加えて、法案は「日本政府との協議の上で、インド太平洋地域における米軍部隊の展開配置を再考するように求める」としている。立法府優位の米国の国制を鑑みるに、こうした法案に示された同盟認識の意義は重い。
果たして トランプ氏は大阪G20閉幕後の記者会見で、日米安全保障条約に関して「破棄する考えは全くない」と述べ、前に触れたブルームバーグ通信の報道内容を否定した。
ただし、なぜ、トランプ氏が現時点で持論を蒸し返すような発言を繰り返したのか。一つの仮説は、イラン情勢への対応に際して、米国と他の「西方世界」同盟諸国との温度差が露わになり、そのことに対するトランプ氏の不満が噴出したというものである。
革命体制樹立後のイランに対する米国の敵愾(てきがい)姿勢は、王制期の癒着に対する反動という側面があるかもしれない。それでも、日本や西欧諸国には度を超したものとして映るのは、疑いを容れまい。
しかも、「イスラエルの生存にイランが脅威を与えている」という認識が、米国のイランに対する「過剰敵意」を増幅させているという指摘もある。それは、イスラエルに対する「過剰傾斜」とイランに対する「過剰敵意」が米国において表裏一体であることを意味している。
歴史家、トニー・ジャットの時評集『真実が揺らぐ時:ベルリンの壁崩壊から9・11まで』には、2000年代半ばの時評として、次のような記述がある。
アメリカの未来の世代にしてみれば、帝国主義的な偉大な力とアメリカについての国際的な評価が、なぜ地中海にある小さくも論争を呼びがちな依存国とそれほどに一蓮托生(いちれんたくしょう)になっているかは、自明ではなくなるであろう。ヨーロッパやラテン・アメリカ、アフリカ、あるいはアジアの人びとにとっても、すでにまったくもって自明ではなくなっている。

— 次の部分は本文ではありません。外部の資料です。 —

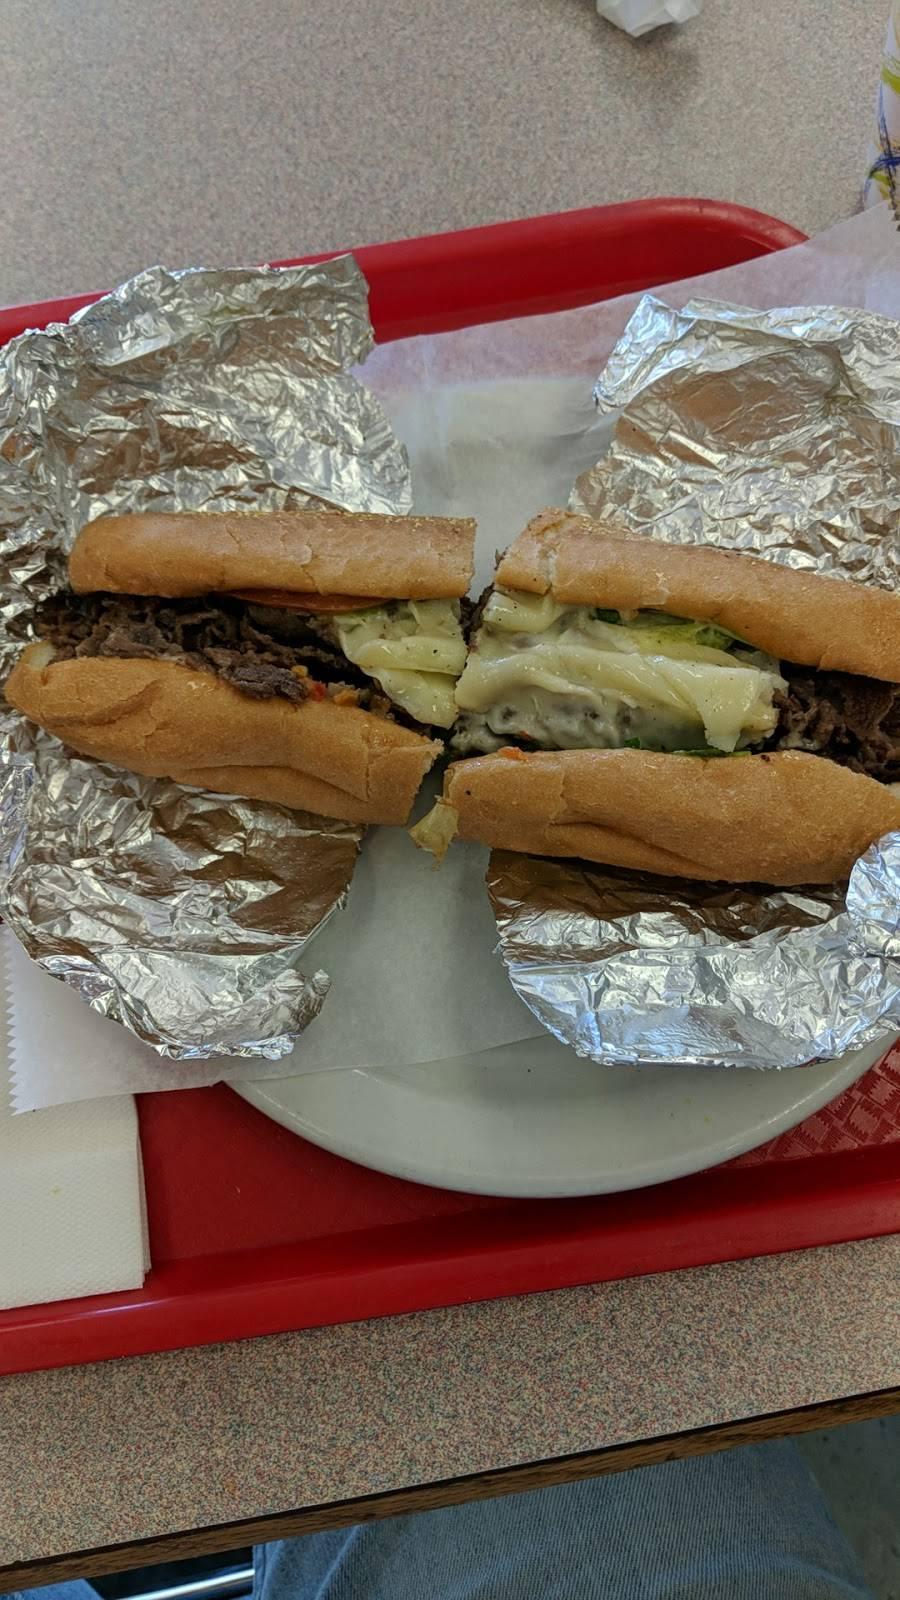 Antonios Pizza Subs & Pasta & Bakery | bakery | 742 Cady Dr, Fort Washington, MD 20744, USA | 3012489780 OR +1 301-248-9780

イスラエルと一蓮托生になろうという傾向は、ジャットの十数年前の展望とは裏腹に、「トランプの米国」において一層、鮮明になっている感がある。大阪での米中首脳会談や板門店での米朝首脳会談の風景は、米国にとっての当面の「主戦場」が、中国や北朝鮮を含む「極東」ではなくイランを含む「中東」であるトランプ氏の判断を示唆しているとも考えられる。トランプ氏が極東情勢に「凪(なぎ)」を欲した事情を慮(おもんばか)れば、そうした評価も決して無理とはいえまい。
筆者は、トランプ氏の登場時点から、彼が日本に提供することになるのは、「難題」ではなく「機会」であると唱えてきた。トランプ氏は、日本の増長を抑える「瓶の蓋(ふた)」論が語られた日米安保体制の永き歳月の後で、「日本の頭を抑えつけない」姿勢を明示した政治指導者である。
そうであるならば、日本の対応としては、トランプ氏の不満や期待に乗じつつ、米国だけではなく、豪印両国を含む他の国々との同盟形成を急ぐのが賢明である。その前提は、「フル・スペックの集団的自衛権の行使」と「対国内総生産(GDP)比2%の防衛費」を認めることである。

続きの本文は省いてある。